The application of WTS could not only reliably detect all FGs revealed by common FGs screening but also found pathogenic (tier A) FGs in an additional 13.7% of cases. Moreover, WTS identified 187 novel FGs in this 1000 cases cohort. More than half of novel FGs comprised intra-chromosomal rearrangements, which are often missed by karyotype analysis. Therefore, WTS proved to be a powerful tool for FGs analysis and has unique advantages for identifying unknown rare or variant FGs. For example, more than 100 KMT2A partner genes have been identified, and multiplex-nested RT-PCR methods cannot fully cover them. Moreover, there must be varieties of KMT2A fusions that exist but have not yet been identified. Even for the FGs with relatively high incidence, they may also be missed due to the variant breakpoints in KMT2A, just as the 12 cases in the present study who had KMT2A fusions but showed negative results in FGs screening. Identifying FGs that can be used for sensitive MRD monitoring or with potential therapeutic relevance has critical clinical significance, particularly in cases so far lacking a respective marker or target. For instance, the use of JAK2 inhibitors might be of use for the patients harboring novel JAK2 fusions (ERC1-JAK2, NPHP3-JAK2, RNPC3-JAK2 [30], ROCK1-JAK2). In addition, the transcriptional data could provide comprehensive genetic information, including FGs, somatic mutations, tandem duplications, and gene expression. Integrated analysis of these genetic information has the potential to permit precise classification with risk assessment in acute leukemia cases and improve personalized treatment. Based on the experience of implementing WTS as a diagnostic tool in leukemia, Arindrarto et al. [31] showed that WTS is potential to replace all genetic tests for classification and risk assessment of AML except for metaphase cytogenetics.

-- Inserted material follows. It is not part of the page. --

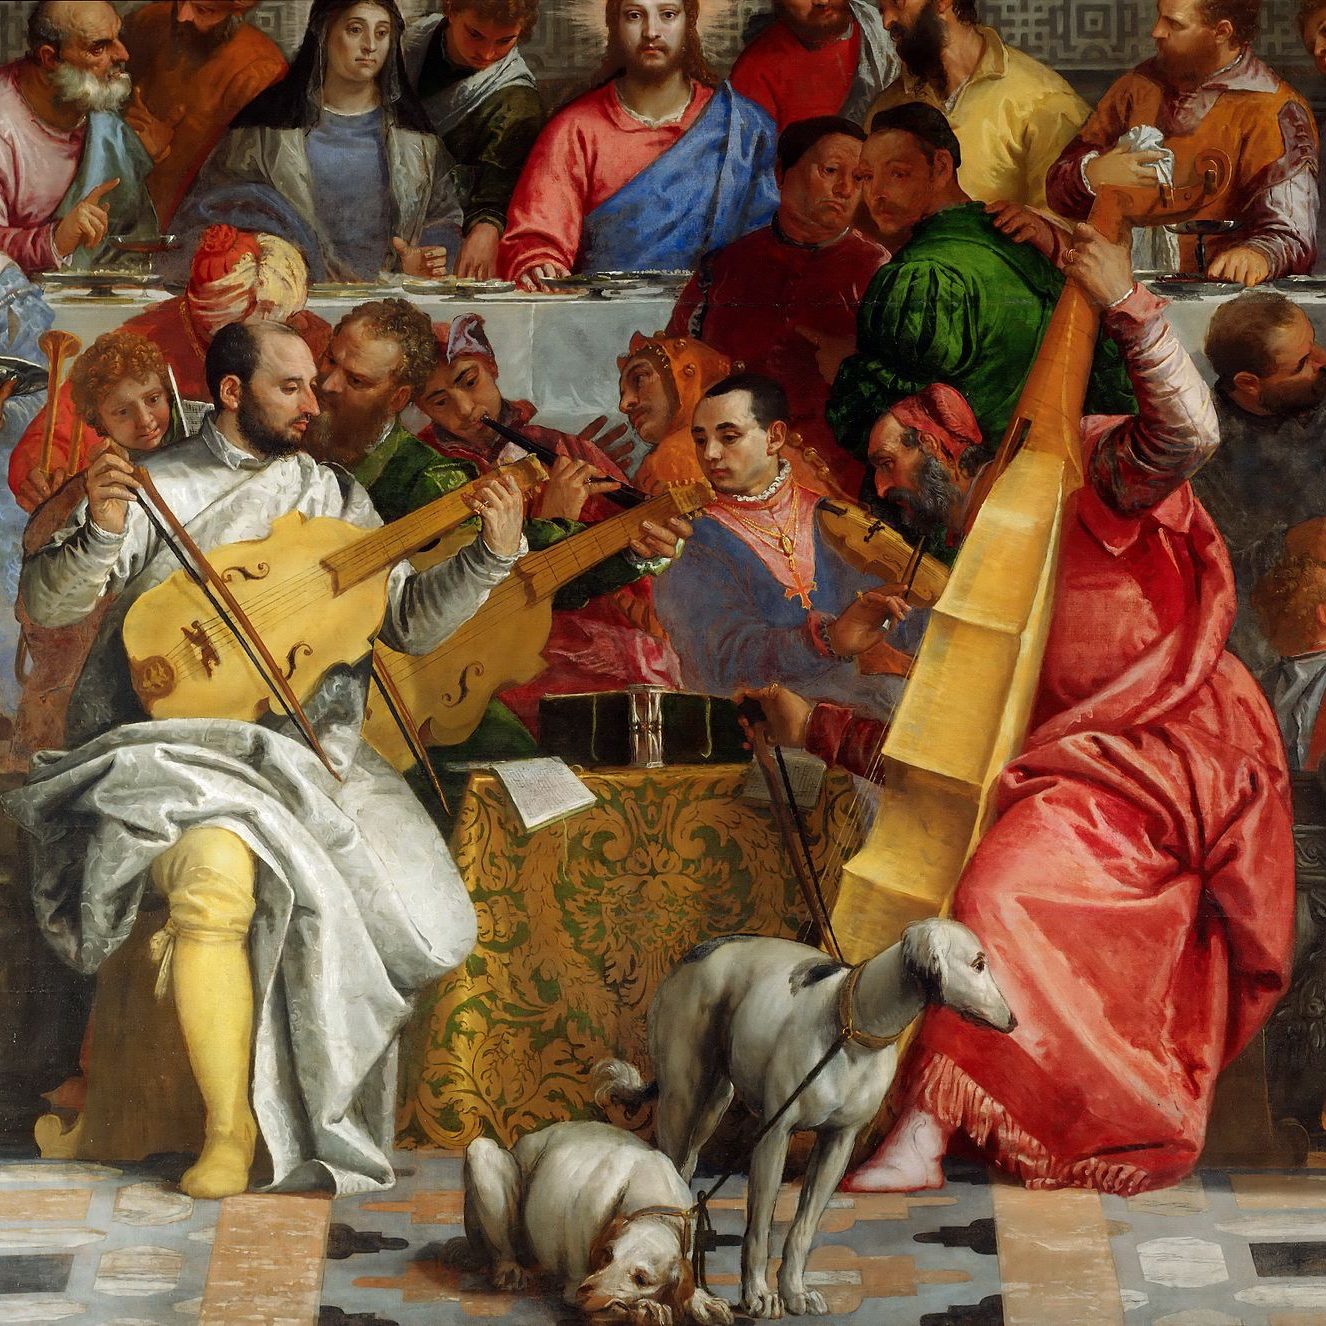 Paolo_Veronese
The Marriage at Cana
Muzykanci

However, it is worth noting that most nonrecurrent fusion transcripts detected by massively parallel sequencing methods, including WTS, are merely stochastic events and non-pathogenic [32]. How to effectively analyze and differentiate the key FGs from multitudinous background sequences is a great challenge to the analysts’ professional background and analytical capabilities. Attention should also be paid to avoid the false-negative results caused by methodologies or analysis procedures. To better understand the pathological characteristics of FGs, we put forward the conception of FG-FM and classified the final FGs list into four tiers based on our current understanding of their pathogenic impact. FGs in the same FG-FM share commonalities in pathological and clinical features in general, and attention should also be paid to the influence of partner genes on the pathogenicity of FGs. If both FG partners are protagonist genes of one FG-FM, the FG should be classified mainly according to its major pathogenicity and corresponding clinical features. For example, PAX5-JAK2 should be classified under JAK2-FM rather than PAX5-FM since the gene expression signature and the clinical manifestations of PAX5-JAK2-positive ALL are similar to BCR-ABL1-like ALL.

Taken together, WTS has provided a powerful methodology for deciphering the real FG map in acute leukemia comprehensively. Moreover, the map will be increasingly more precise, with the improved ability to analyze the pathological significance of novel FGs and the continuous enrichment of various databases. We described the map of FGs detected in a large cohort of acute leukemias and revealed a considerable number of FGs that have clinical relevance but have not been previously recognized. Classifying FGs according to FG-FMs can help us better understand their pathological significance and suggest new classification patterns for acute leukemia. WTS is a valuable tool and should be recommended in the routine diagnostic workup of acute leukemia.